### Available data
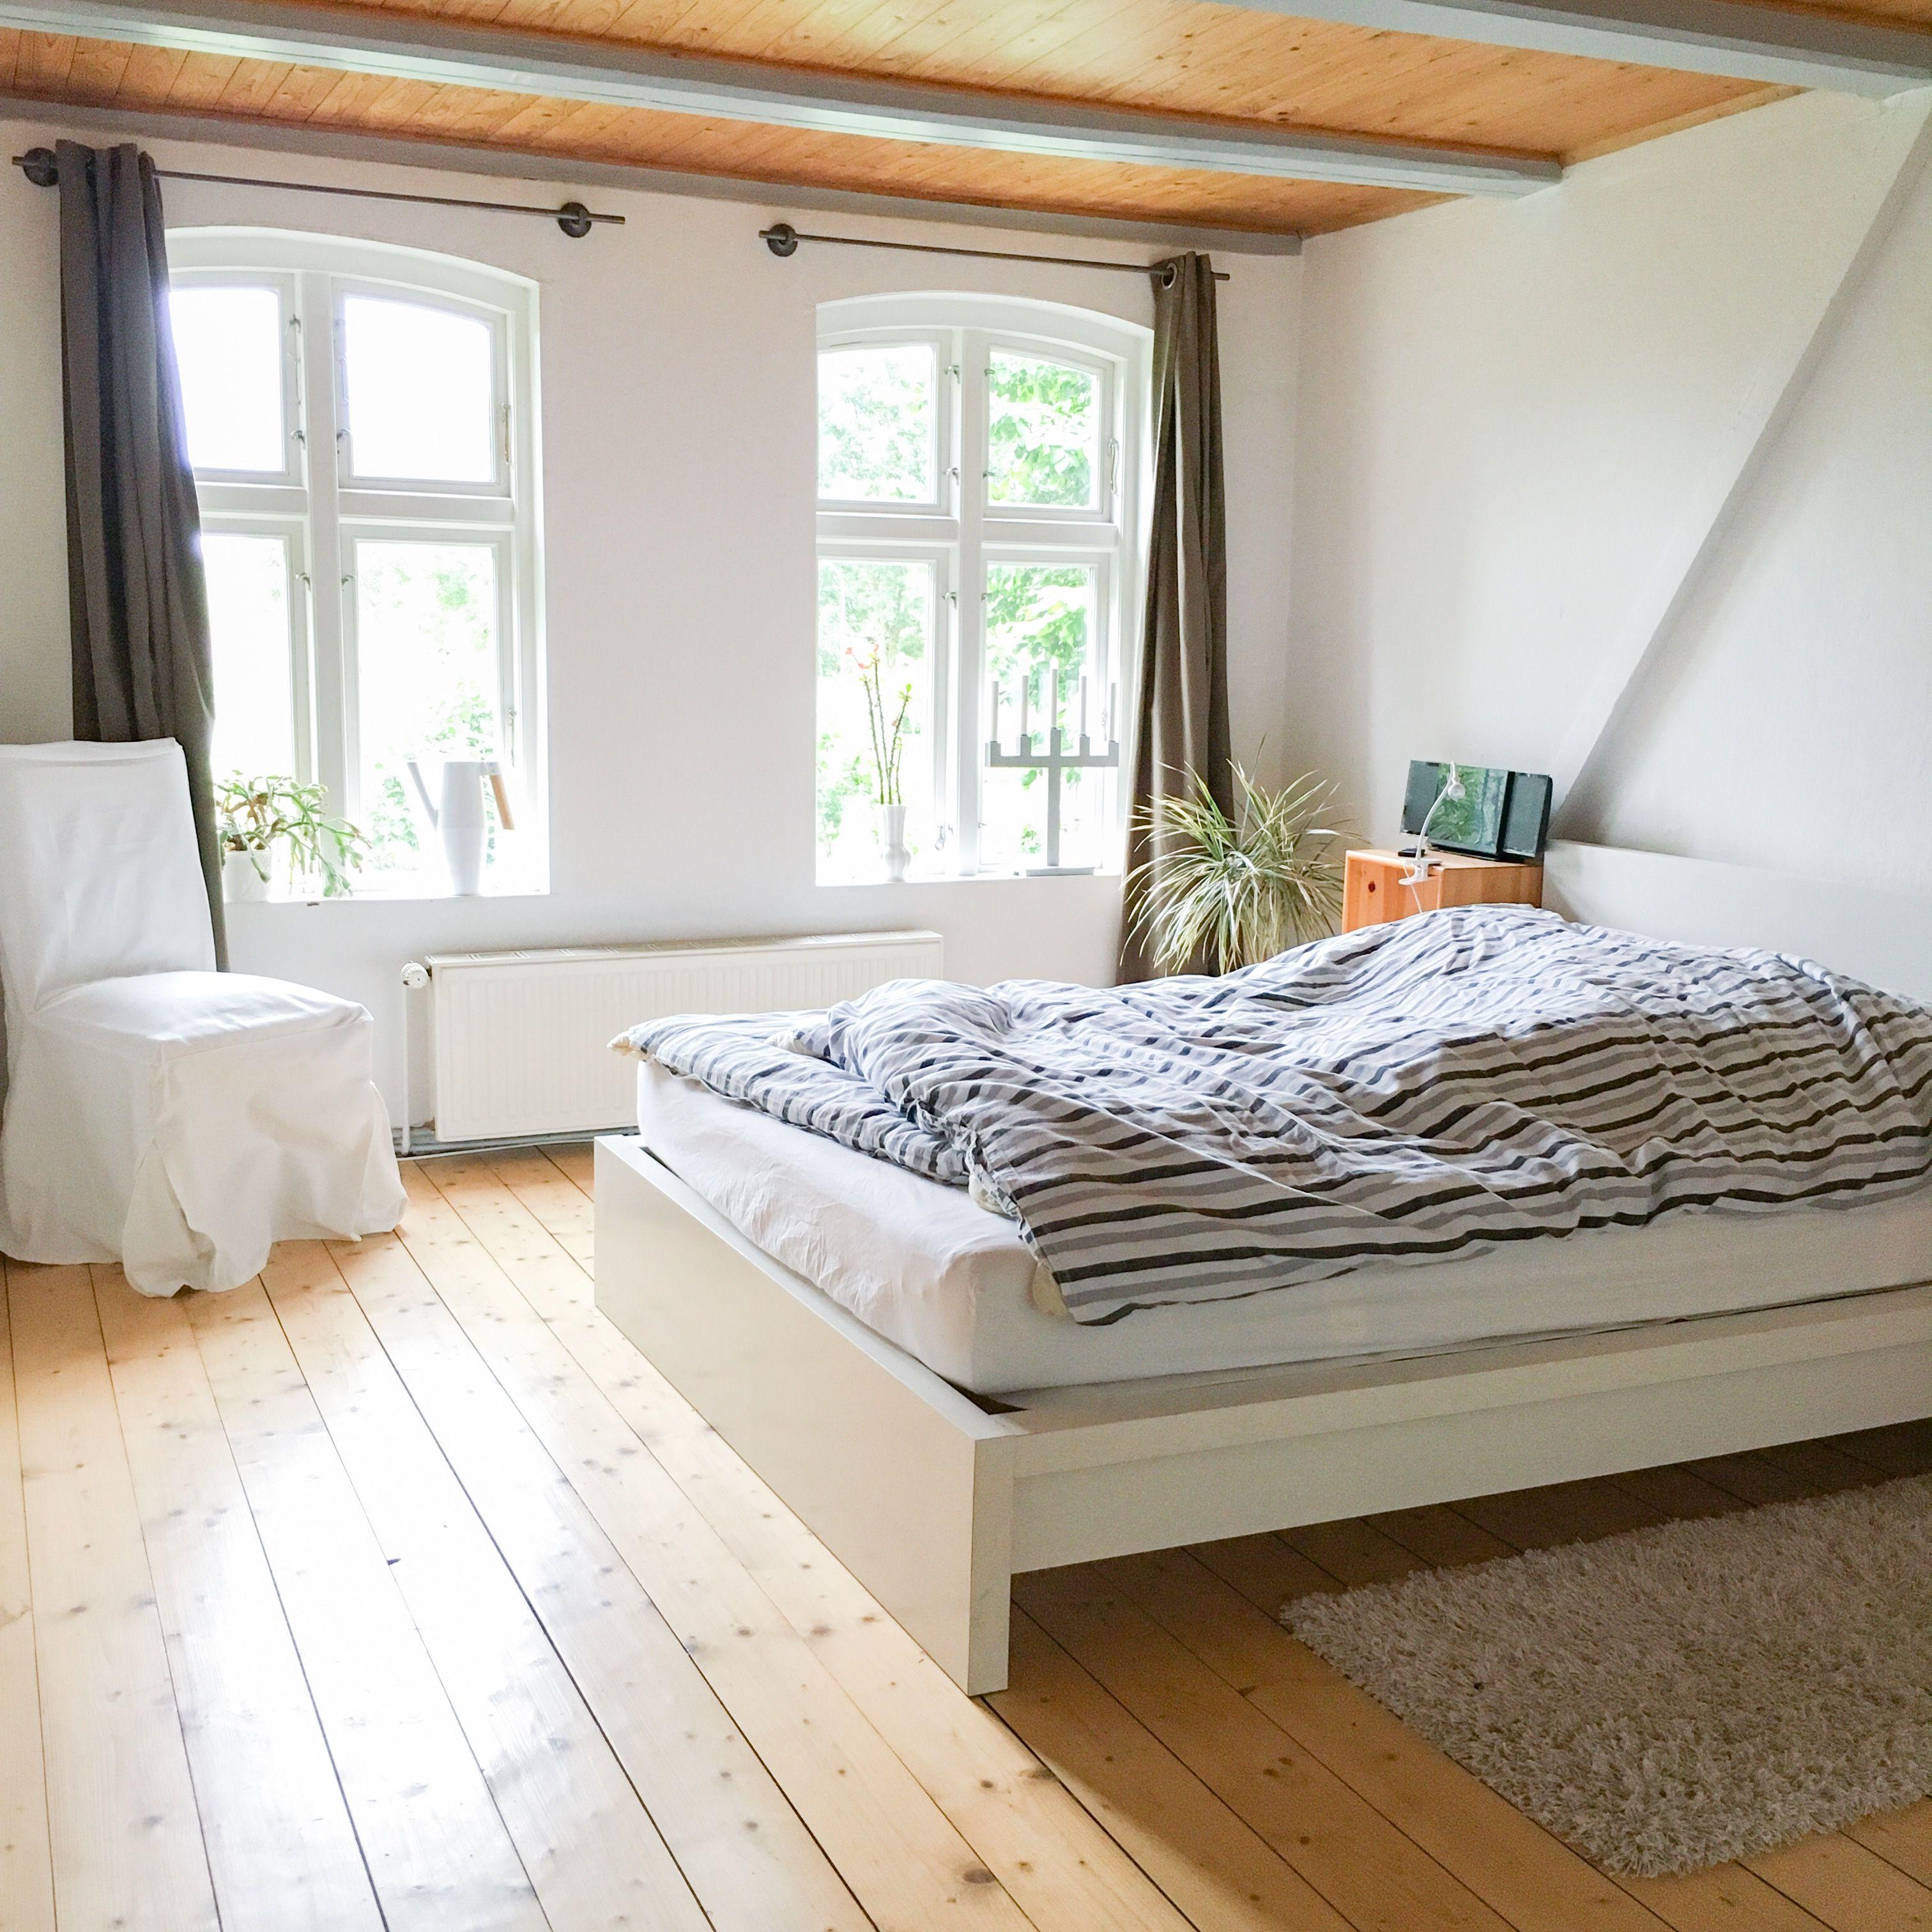 Landhaus, Schlafzimmer, Balken, Holzbalken, Bett, Malm, Landhaus Design
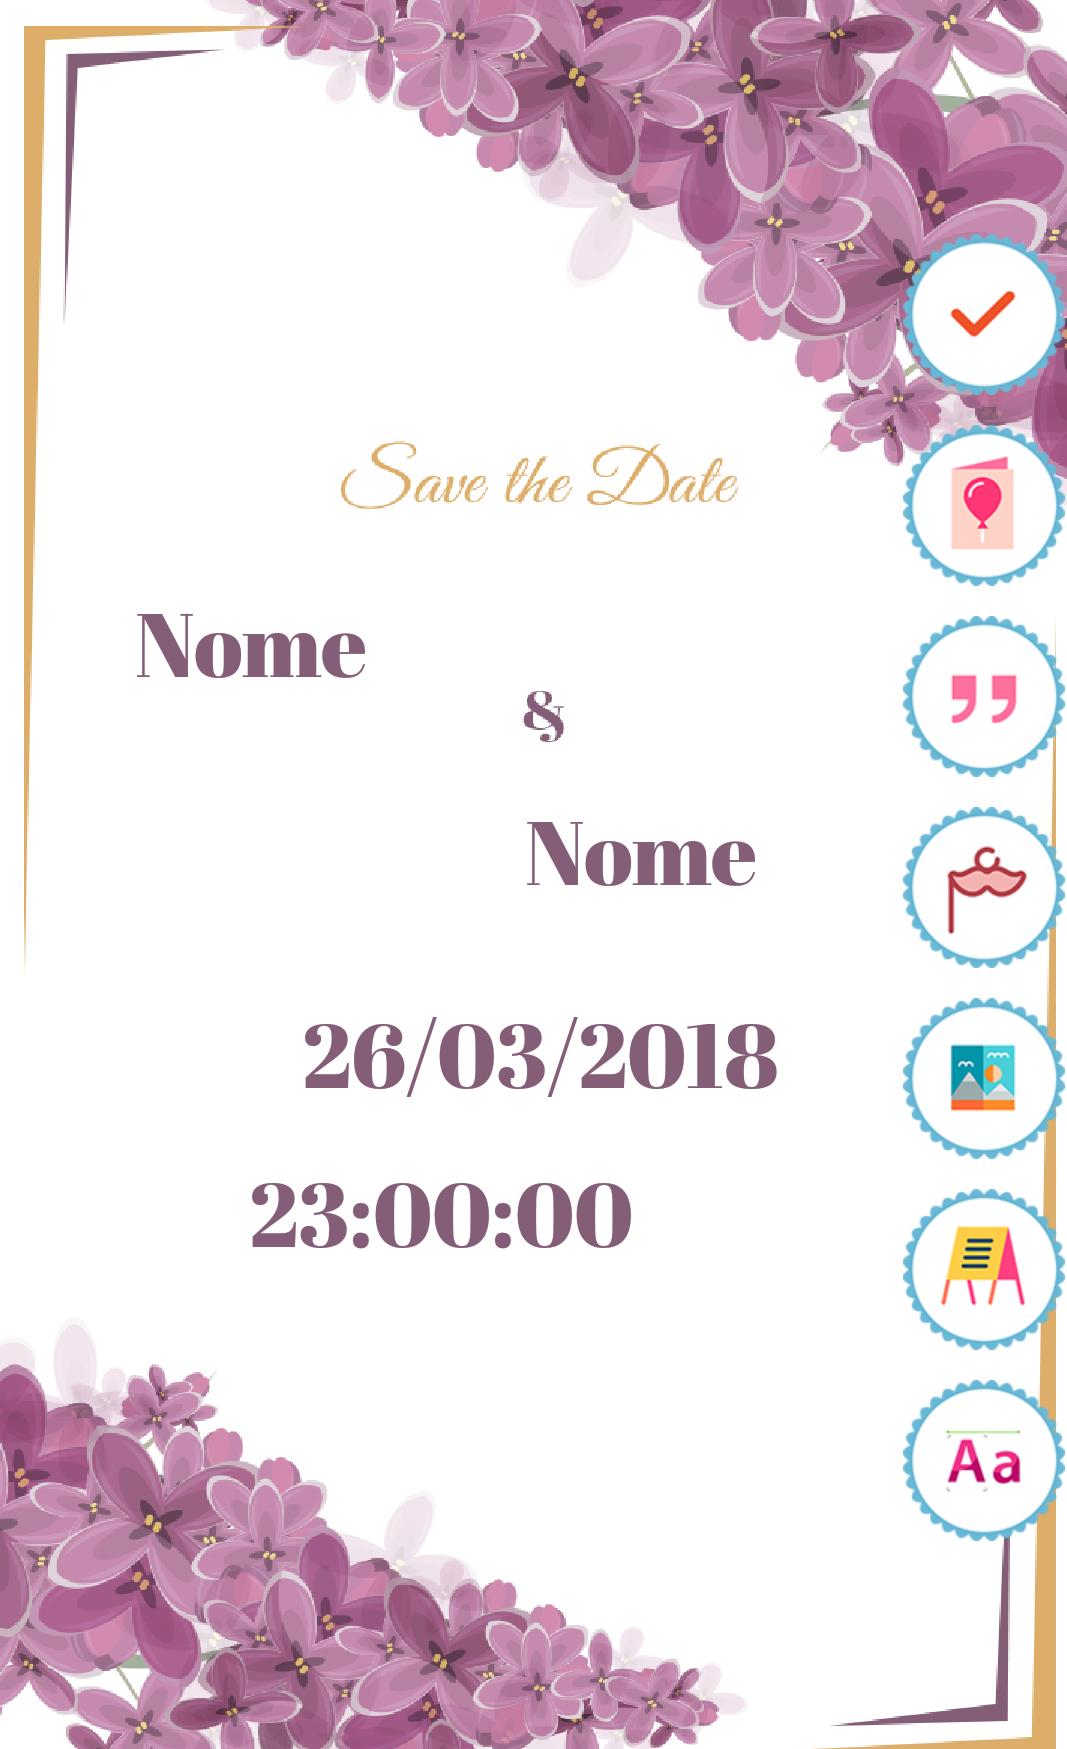 Aplicativos que te ajudam a organizar o casamento - Wedding Invitation Card Maker
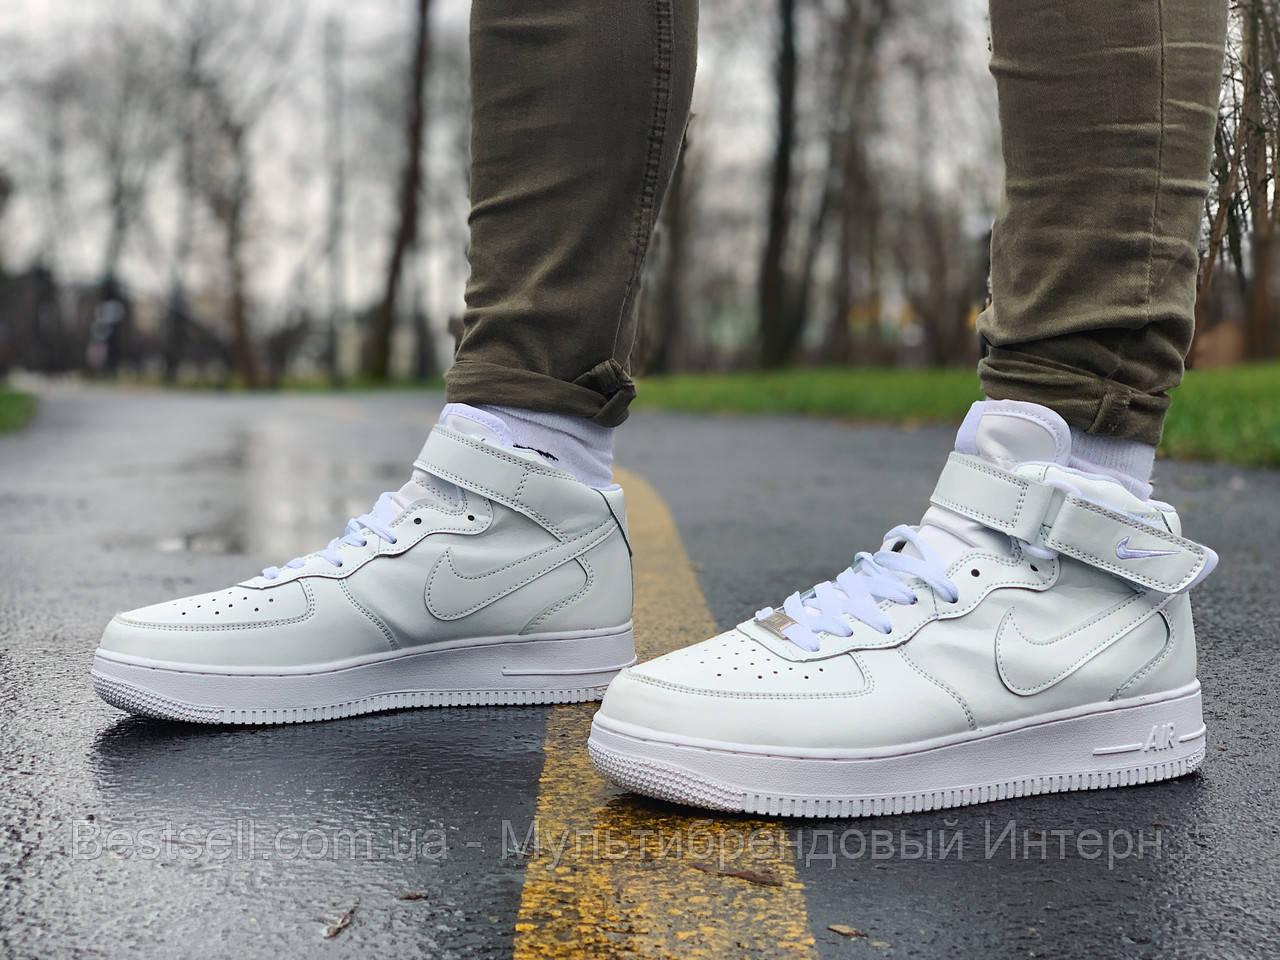 Кроссовки  высокие натуральная кожа Nike Air Force Найк Аир Форс (41,42)

### Aim of the exercise
Please reproduce the whole listing exactly; the pictures stay out.

### Completed task
 Landhaus, Schlafzimmer, Balken, Holzbalken, Bett, Malm, Landhaus Design
 Aplicativos que te ajudam a organizar o casamento - Wedding Invitation Card Maker
 Кроссовки  высокие натуральная кожа Nike Air Force Найк Аир Форс (41,42)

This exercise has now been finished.